Chapter 19
A Controlled Pour
JULIETTE
Nick stepped out of the jeep first.
He didn't look back immediately, but he paused beside the passenger door long enough for me to climb down without making it look like assistance.
The distinction mattered. Apparently, after yet another night of having my entire nervous system rearranged by a ranger with excellent hands and unacceptable emotional timing, I had become a woman who required subtlety from her exits.
His hand stayed near the door frame while I stepped onto the gravel. He didn’t touch me. He didn’t need to. The space between his knuckles and my hip had its own weather system.
“Eyes up, Wilder,” he said quietly.
I looked at him.
His expression gave nothing away to the veranda, the staff, or the CEOs pretending not to watch from behind coffee cups. His gaze held mine for one clean second, steady enough to put a hand under every loose piece of me.
Then he stepped away and became the lead ranger again.
Unfortunately, I knew too intimately what that uniform concealed.
By the time we stepped into the lodge, Mara Khaya had arranged itself into breakfast-table perfection: white linen, polished teak, and bowls of fruit sweating under the early light.
Silver tongs waited beside warm pastries as if no one in the world had ever come apart in a glamped-up tent and then been expected to make polite conversation over coffee.

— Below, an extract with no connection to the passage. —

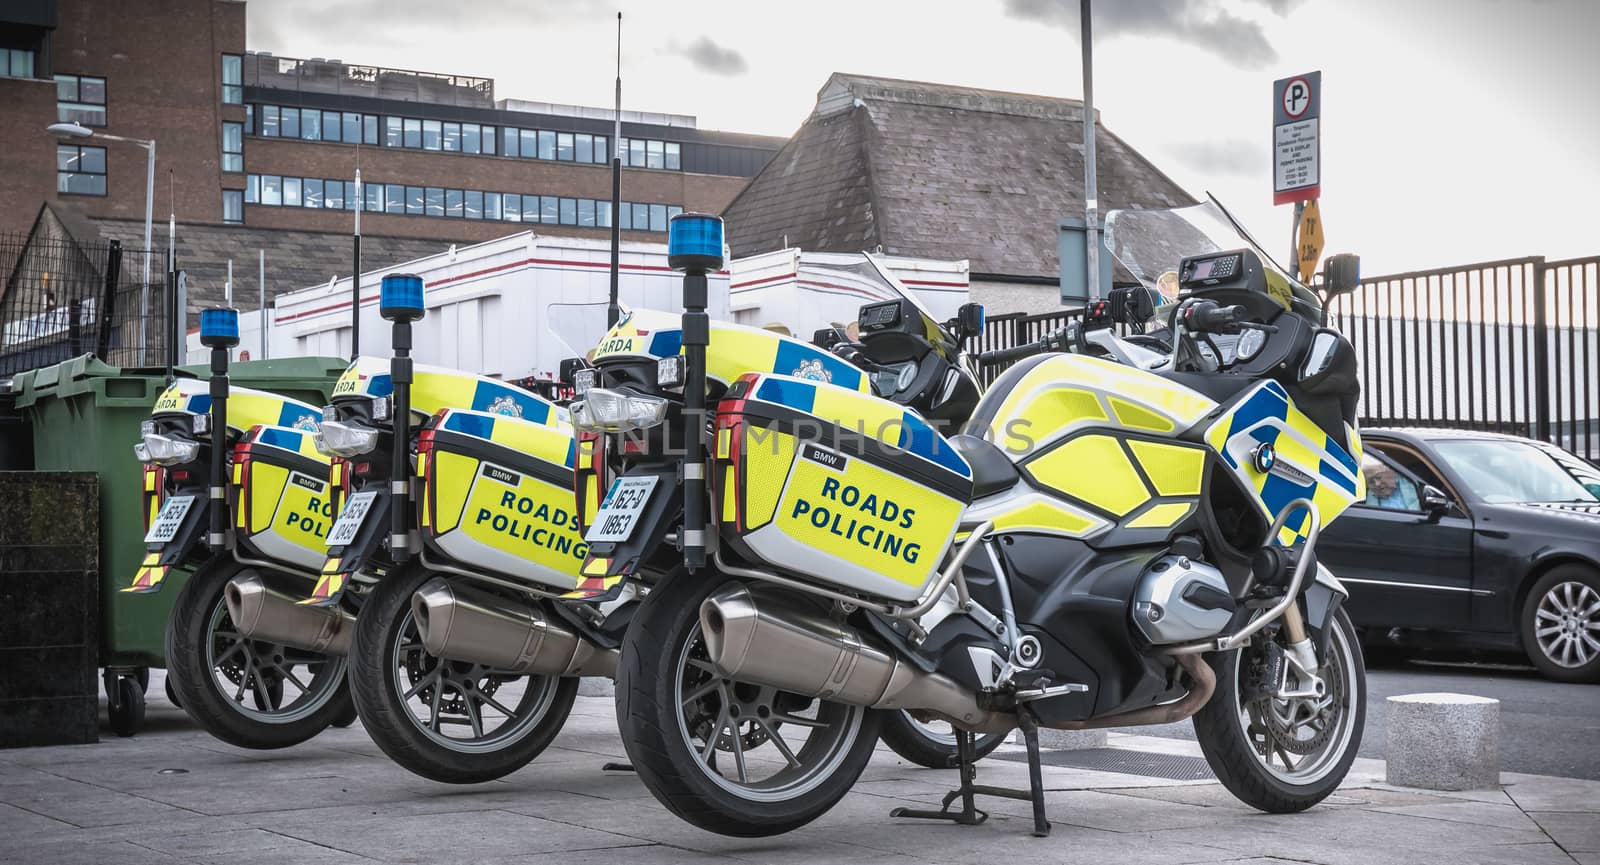 Irish Highway Police Motorcycle parked in Dublin by AtlanticEUROSTOXX

The veranda smelled of citrus oil, toast, and overconfident dark roast. Guests leaned over plates and tablets, their voices blending with the low clink of silver against porcelain. Somewhere beyond the rail, a bird called once, sharp and cheerful, then disappeared into the trees.
The lodge had folded us back into its rhythm before anyone could decide we had disrupted it.
A hostess paused beside Nick with a tray of coffee cups. “I saved you two muffins before anyone else discovered them.”
“You’re the only competent person in this building,” Nick said.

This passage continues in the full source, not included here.